An independent analysis released by the governor’s office projected that keeping production in Washington would produce $21 billion in tax revenue for the state over 16 years.
“This is a generational opportunity,” Senate Ways and Means Chairman Andy Hill, R-Redmond, said on the Senate floor Saturday. “This is about our aerospace economy.”
Not everyone saw it that way.
Democratic Sen. Bob Hasegawa, of Renton, voted against the tax breaks.
“I have a philosophical issue with putting this economic development strategy on the backs of the Machinists,” he said. “We’re asking them to sacrifice the future of the next generation of Boeing workers. That is not a sustainable economic development strategy for the state.”
Hasegawa was far in the minority on this one. Senate Bill 5952 passed the Senate 44-2, — Sen. Adam Kline, D-Seattle, also voted no — and in the House it passed 75-11.
Inslee called the three-day special session, which ended Saturday, to fulfill the state’s side of the bargain to keep the 777X.
The tax-incentives measure extends commercial-airplane tax breaks — due to expire in 2024 — until 2040 and expands a sales-and-use tax exemption for construction of buildings used to manufacture airplanes, among other things.
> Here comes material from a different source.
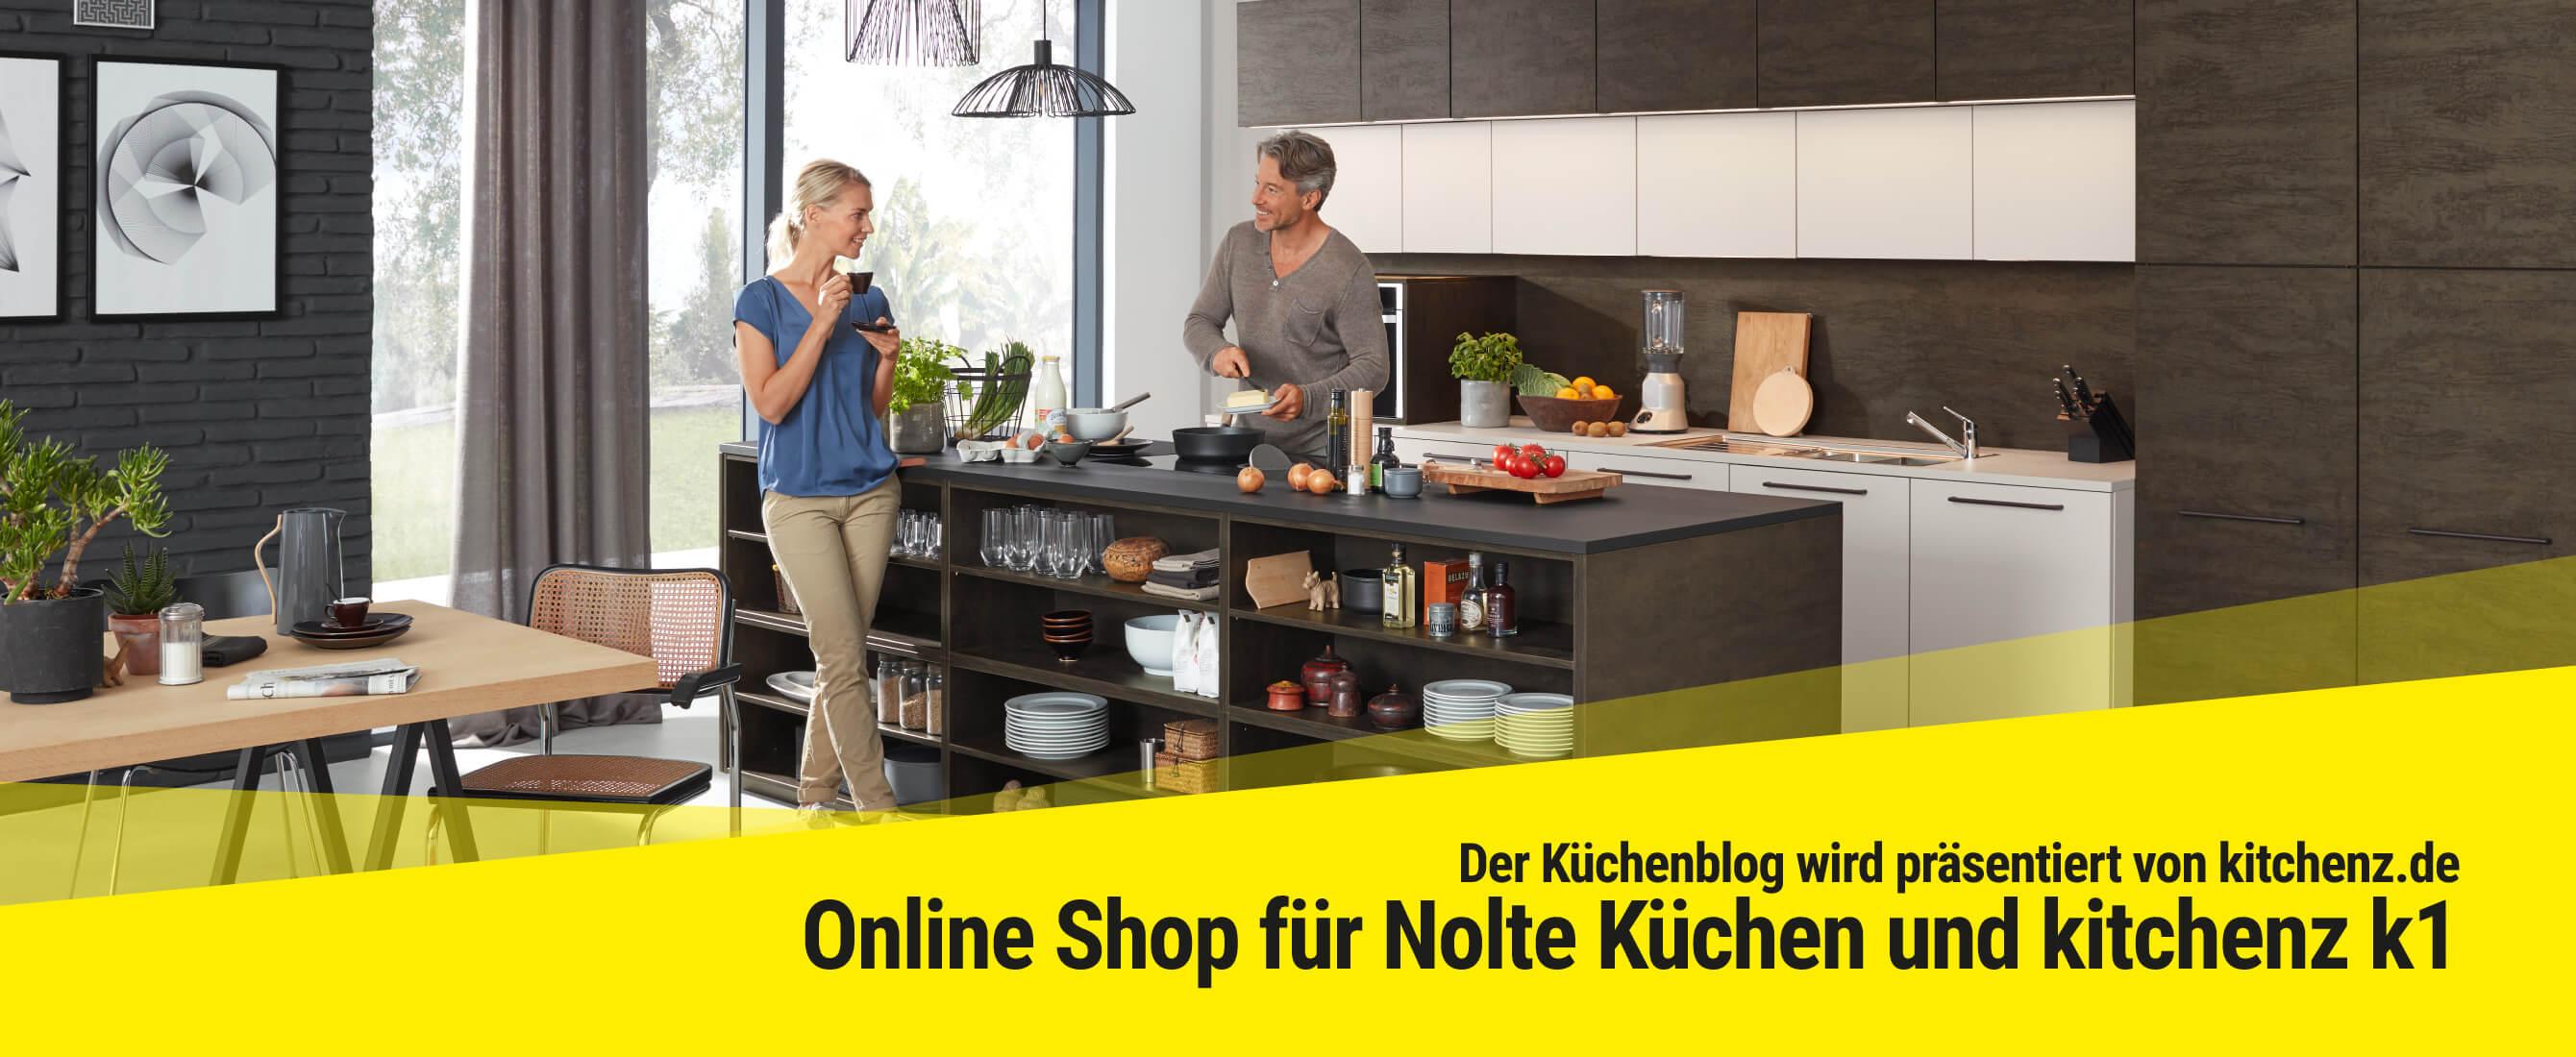 Online Shop für Nolte Küchen und kitchenz k1

Lawmakers included provisions in the bill that take away the preferential tax rates for Boeing if it moves production of the 777X out of state.
That’s a lesson learned from 2003 when the Legislature approved big tax breaks for Boeing and other aerospace companies with the expectation that all 787 Dreamliners would be built in the state. But the legislation had enough maneuvering room for Boeing to put a second 787 Dreamliner assembly line in South Carolina in 2009.
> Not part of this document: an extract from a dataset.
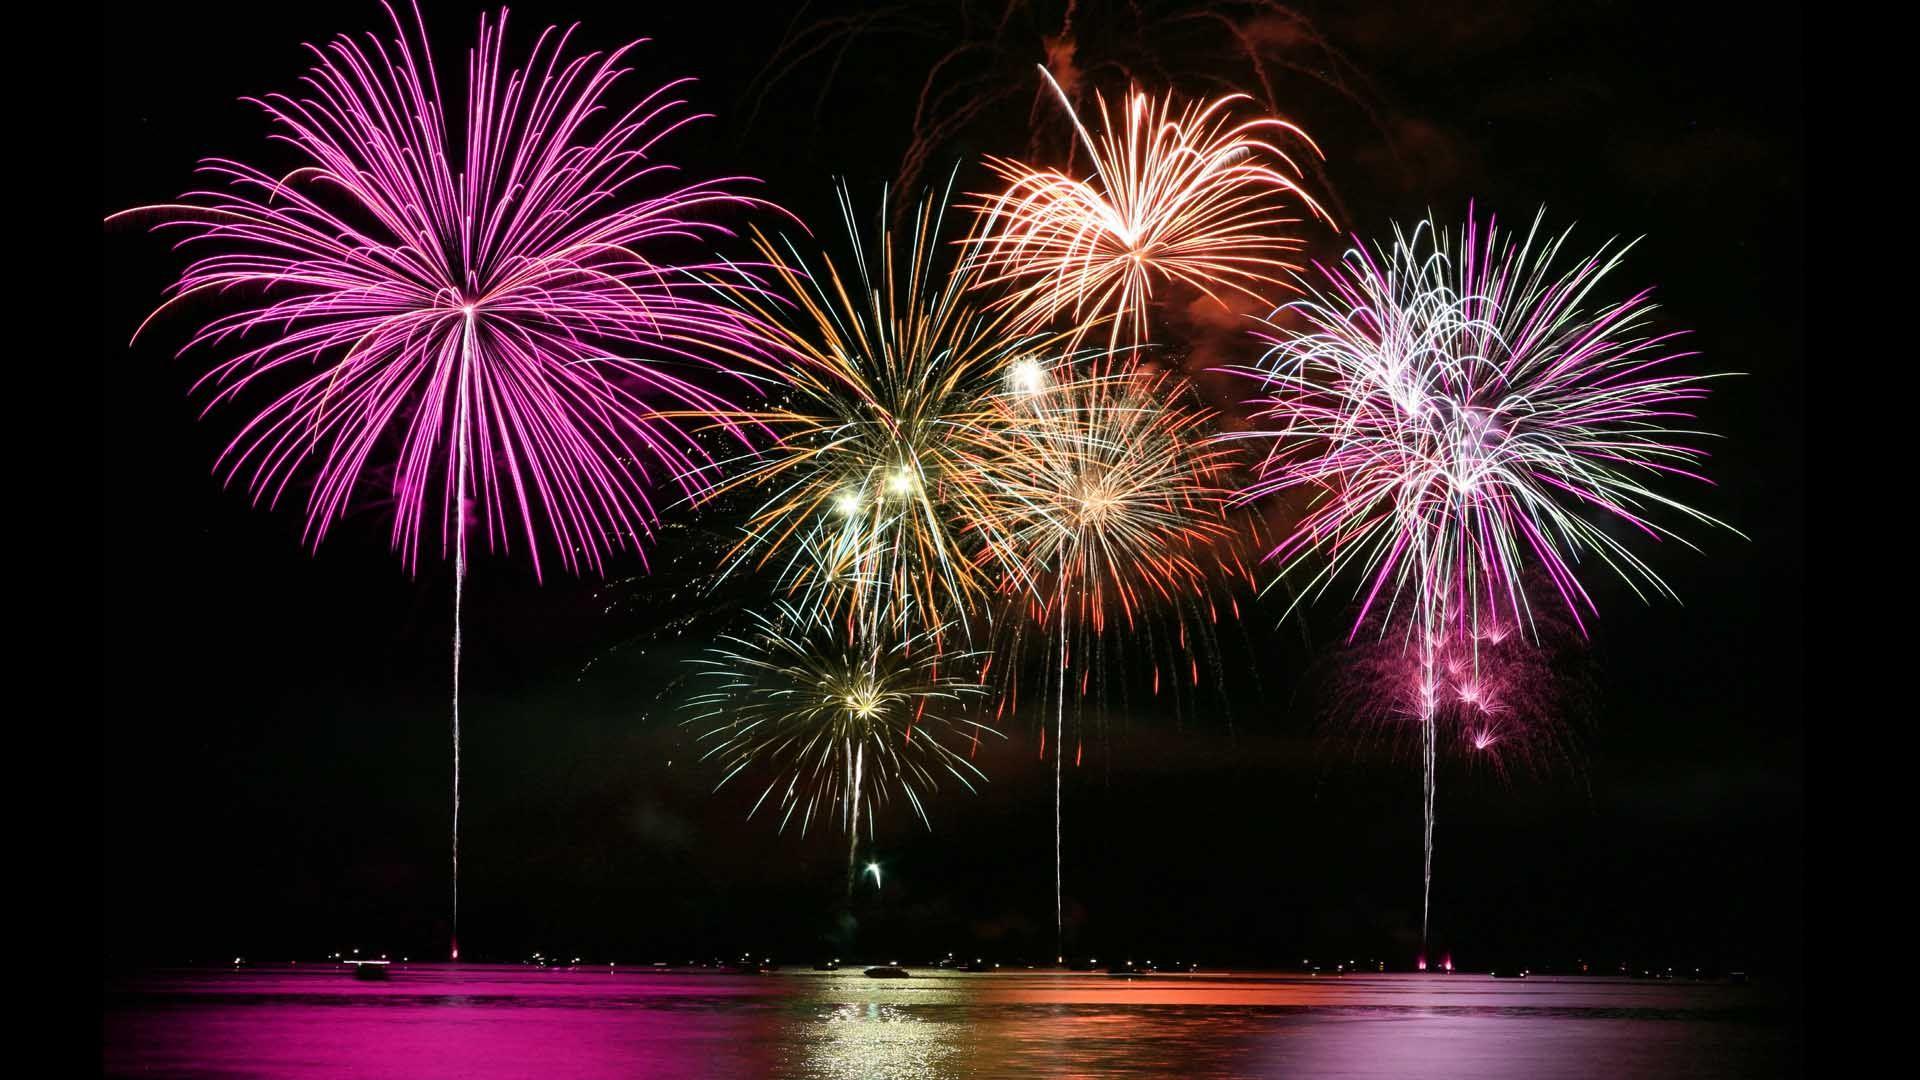 f5292f7bcb7 Consejos para sacarle buenas fotos a los fuegos artificiales y luces  navideñas

The aerospace-training legislation, House Bill 2088, passed both chambers by equally large margins.
The training bill, among other things, would spend $8 million to increase high-demand aerospace enrollments by the equivalent of 1,000 additional full-time students for the 2014-15 academic year.
“It is the intent of the Legislature that this funding be ongoing or until there is no longer a demonstrated need,” according to a bill report.
It also includes $2 million for grants to local governments to advance permitting for large aerospace manufacturing sites.
Inslee is expected to sign both bills into law as early as Monday.
One item on Boeing’s Olympia shopping list remains — passing a multibillion-dollar tax package to pay for transportation improvements around the state, including the highways Boeing uses to move its people and products.
Lawmakers said talks were progressing, but had no immediate timeline for reaching an agreement.
When it comes to the union, Inslee’s spokesman, David Postman, said the governor has been in contact with Machinists leaders every day.
Although the governor isn’t advising union members how to vote, he is saying “what’s being done here (in Olympia) supports a long-term contract if that’s where they go. And those Machinists, like every Washingtonian, should feel confident that this work is really going to be done here and we’re not going to have a second line go to South Carolina or a wing go to Japan.”